The bewitching character of the scene was heightened by a thousand little cascades which leaped into the sea from these floating masses,—the water being discharged from lakes of melted snow and ice which reposed in quietude far up in the valleys separating the high icy hills of their upper surface. From other bergs large pieces were now and then detached,—plunging down into the water with deafening noise, while the slow moving swell of the ocean resounded through their broken archways.

I had been watching this scene for hours, lost in reverie and forgetfulness, when I was brought suddenly to my senses by the master's mate, who came to report, "Ice close aboard, sir." We were drifting slowly upon a berg about the height of our topmasts. The boats were quickly lowered to pull us off, and, the schooner once more in safety, I went to bed.

I awoke after a few hours, shivering with the cold. The "bull's-eye" above my head was open, and a chilly fog was pouring in upon me.

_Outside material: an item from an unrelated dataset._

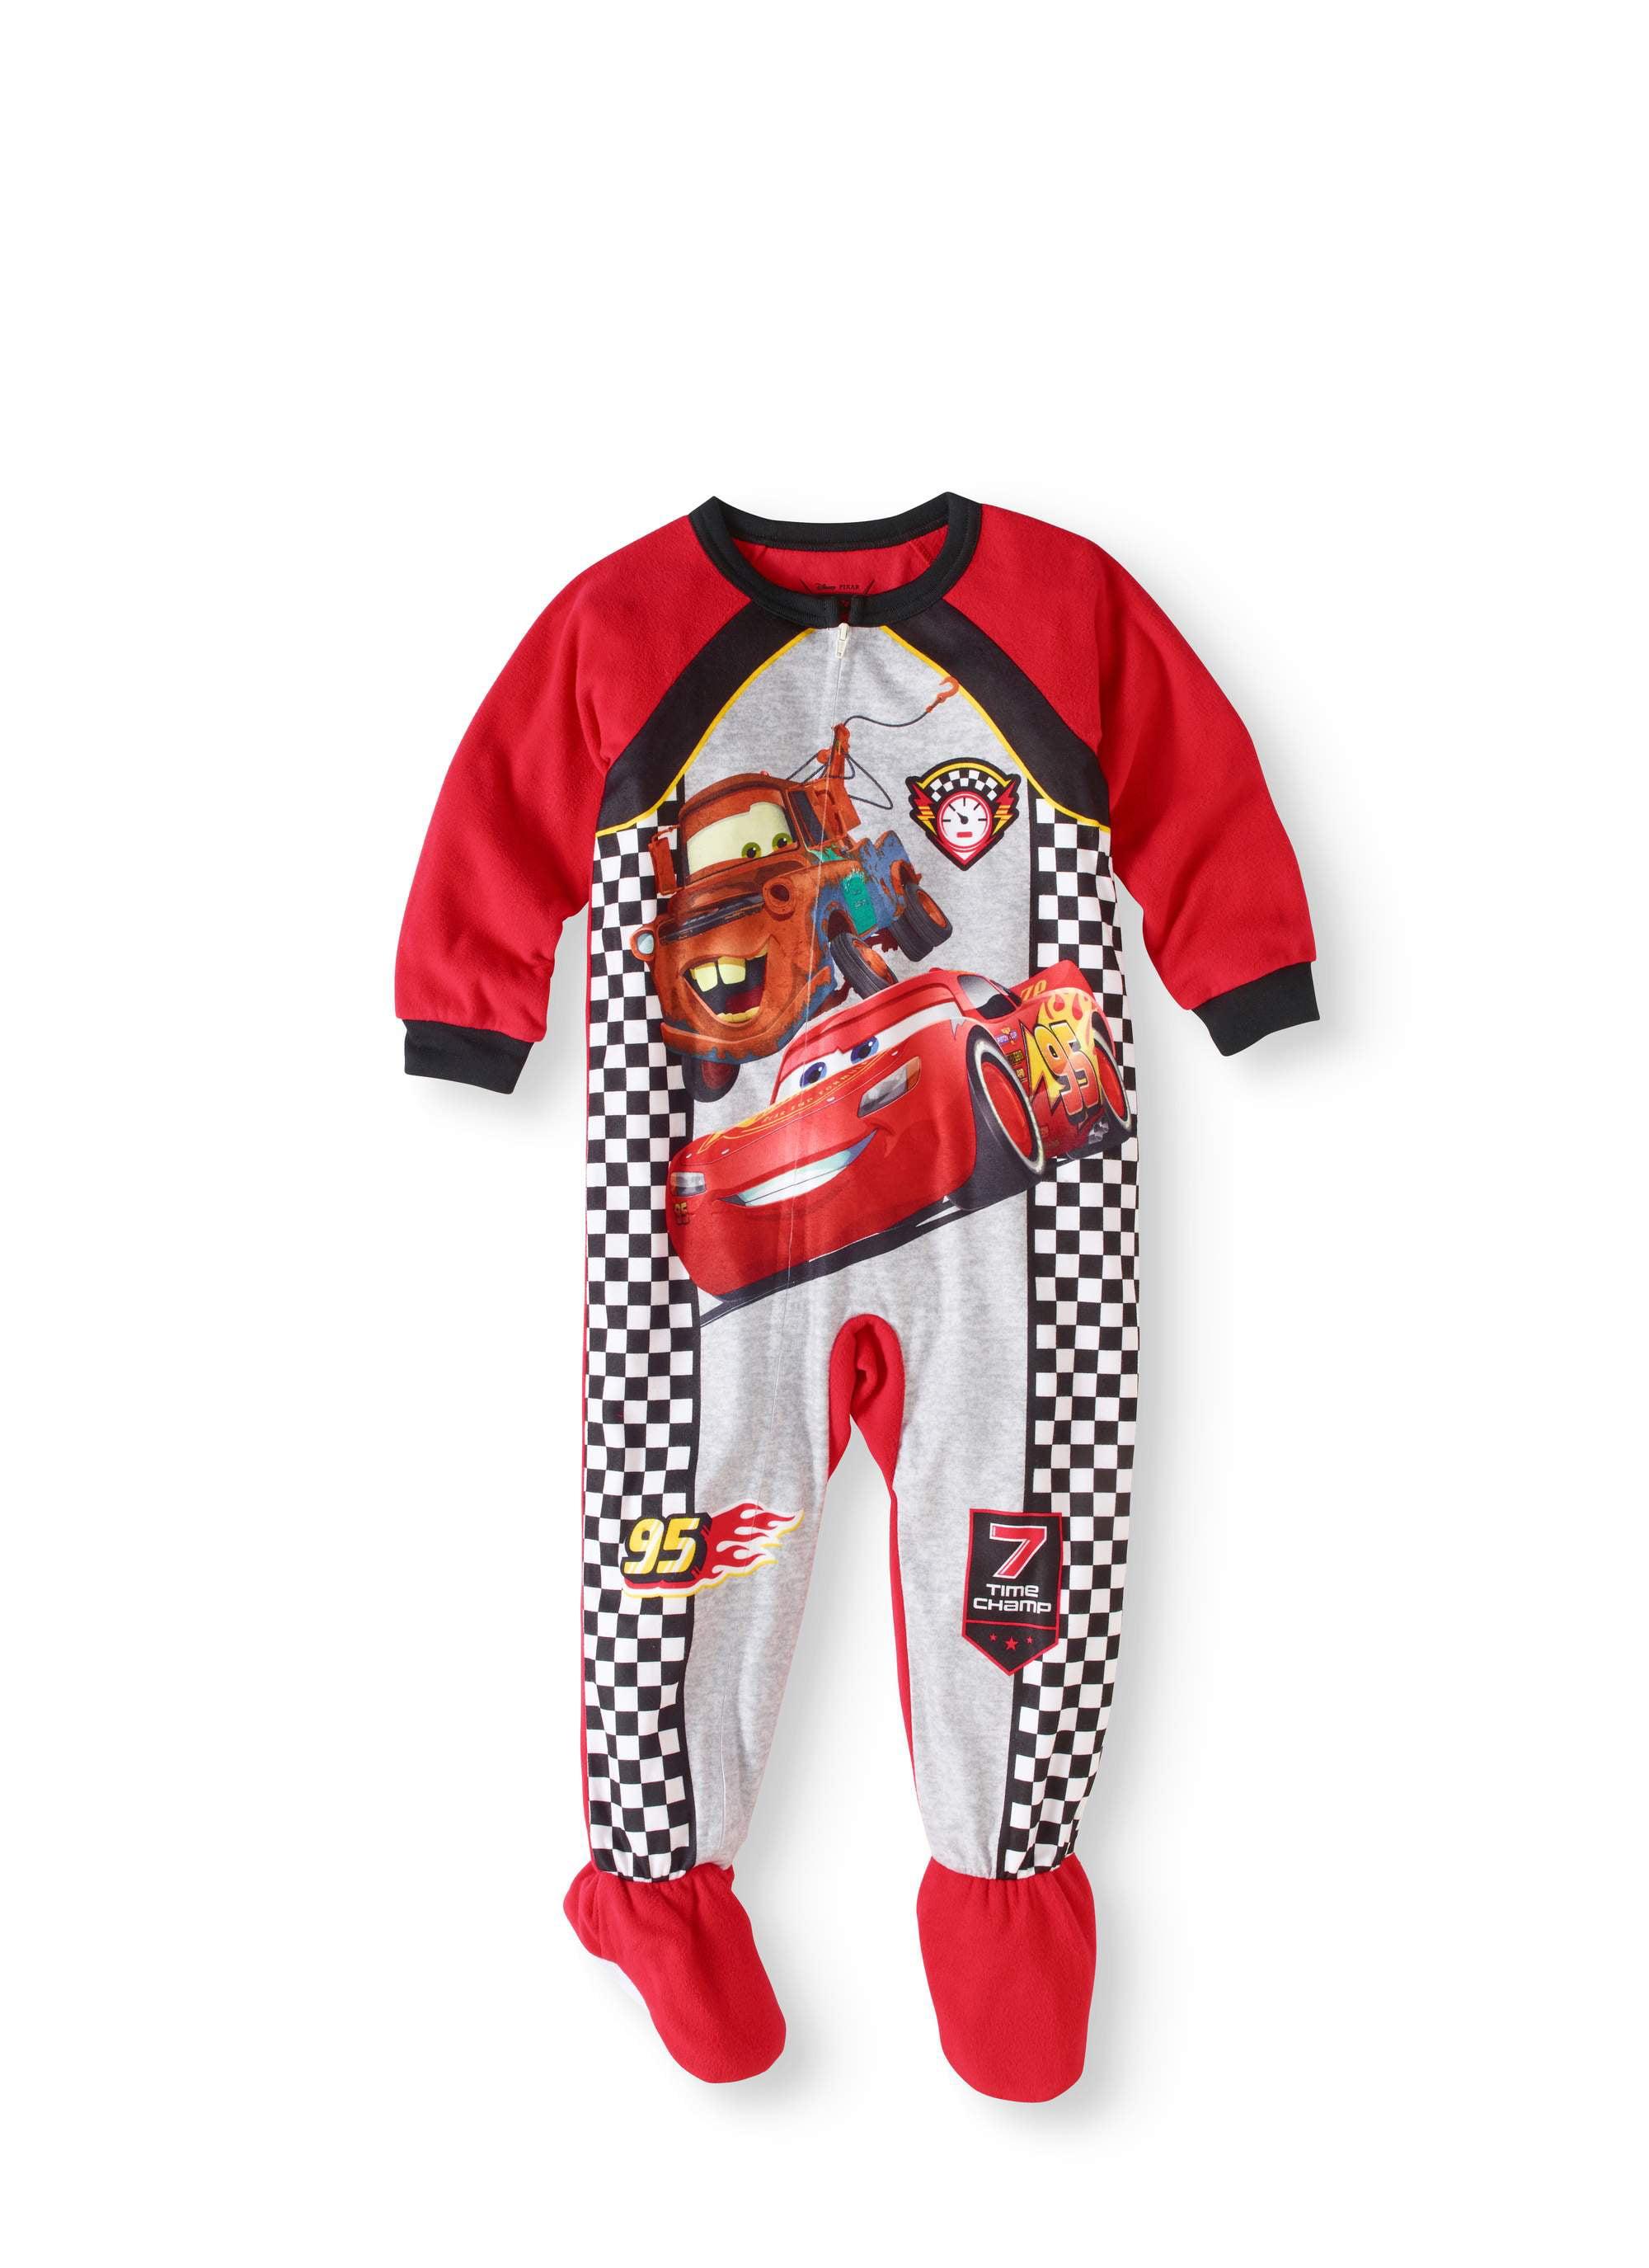 Toddler Boys Licensed Sleepwear

Hurrying on deck, I found the whole scene changed. A dense gray mist had settled over the waters and icebergs and mountains, blending them all in chaotic gloom.

Twenty-four days at sea had brought the water very low in our casks, and I took advantage of the delay to send off to a neighboring iceberg for a fresh supply. The water of these bergs is pure and clear as crystal.

NEARING HARBOR.

AT PRÖVEN.

Getting at last a slant of the wind, we ran in among the low islands which line the coast above Svarte Huk; and Sonntag, who had gone ahead in a boat toPröven, having sent off to us a swarthy-looking pilot, we wound our way slowly through the tortuous passage, and at a little after midnight of August 6th we dropped anchor in the snuggest of little harbors. The loud baying of dogs, and an odor, baffling description,—"a very ancient and fish-like smell,"—first warned us of our approach to a Greenland settlement.